Der Screenshot aus einem Drohnenvideo zeigt den Rauch nach einer Explosion auf dem Stahlwerkgelände in Mariupol am 19. April
Der Screenshot aus einem Drohnenvideo zeigt den Rauch nach einer Explosion auf dem Stahlwerkgelände in Mariupol am 19. April Foto: AFP/Handout/Mariupol City Council

Im restlichen Donbass und im Süden des Landes setzten die russischen Streitkräfte ihren Artilleriebeschuss am Donnerstag fort. Die ukrainische Seite meldete heftige Gefechte unter anderem aus der Region Isjum sowie in den Städten Popasna und Rubischne in der Region Luhansk. Das russische Verteidigungsministerium erklärte, es habe eine Reihe von Luftangriffen ausführen lassen, darunter auch auf das südliche Mykolajiw. Der Donbass, den Putin in den kommenden Wochen einnehmen will, umfasst ein fast 55.000 Quadratkilometer großes Gebiet und ist damit etwa doppelt so groß wie Belgien. Das Gebiet an der Grenze zu Russland, das sich bis zur umkämpften Hafenstadt Mariupol am Asowschen Meer erstreckt, verfügt über riesige Kohle- und Metallerzvorkommen.

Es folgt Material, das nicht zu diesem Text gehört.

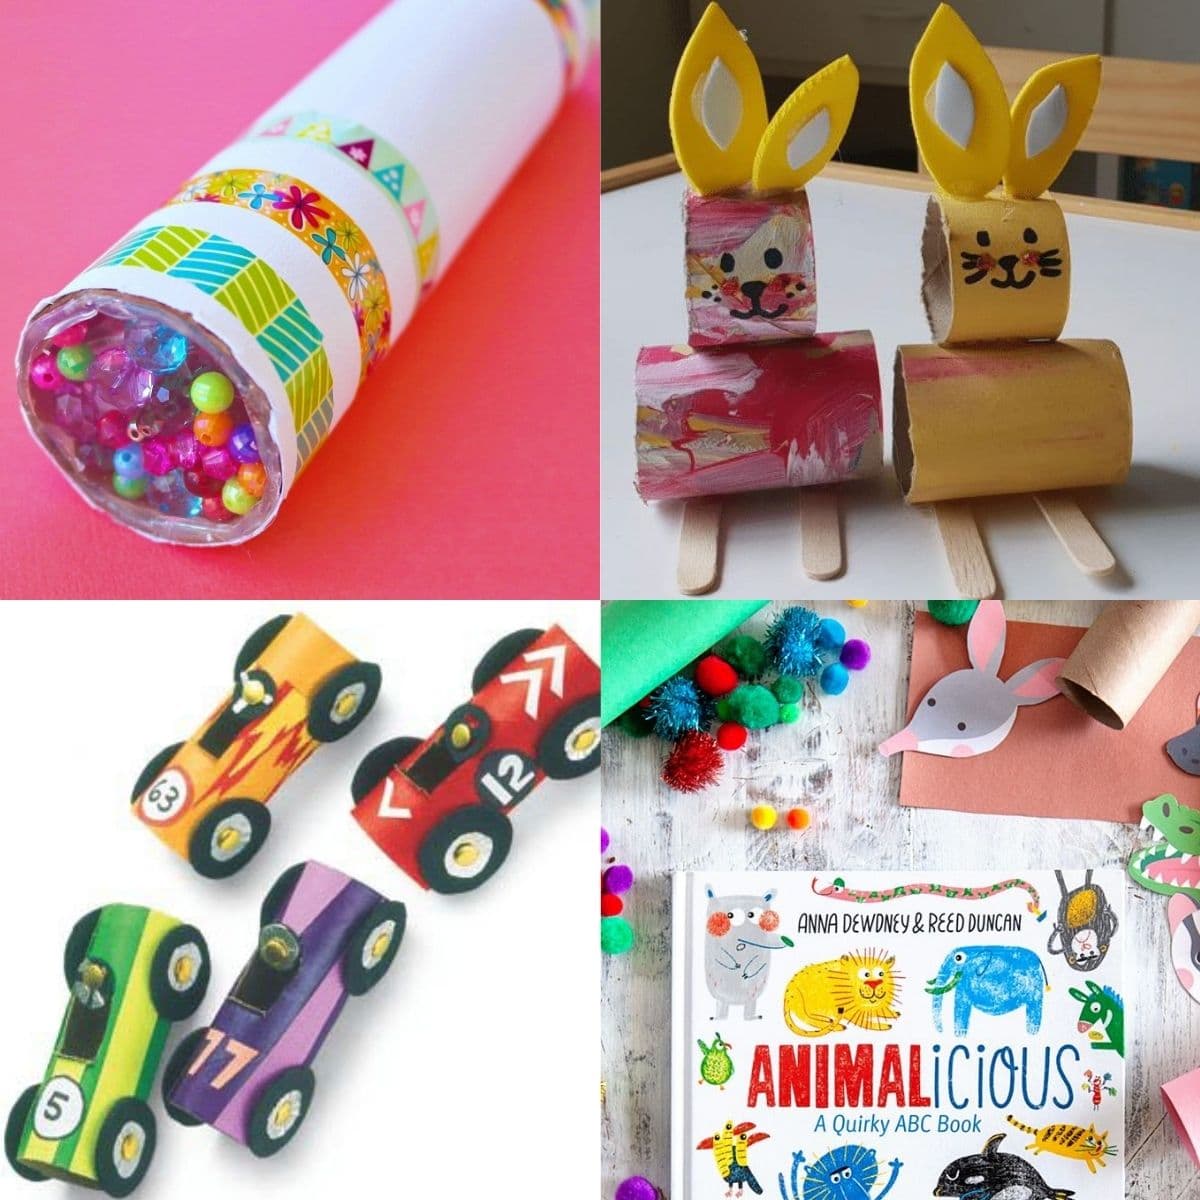 20 Paper Roll Crafts Towel And Toilet Craftsy Hacks

In Borodjanka in der Nähe von Kiew wurden derweil nach ukrainischen Angaben neun Leichen von Zivilisten gefunden, von denen einige Folterspuren aufwiesen. Die russischen Streitkräfte hatten sich Ende März im Norden der Ukraine zurückgezogen. Kiew und westliche Staaten werfen Russland Kriegsverbrechen vor. In den Leichenhallen der Region Kiew sollen derzeit mehr als tausend zivile Todesopfer liegen.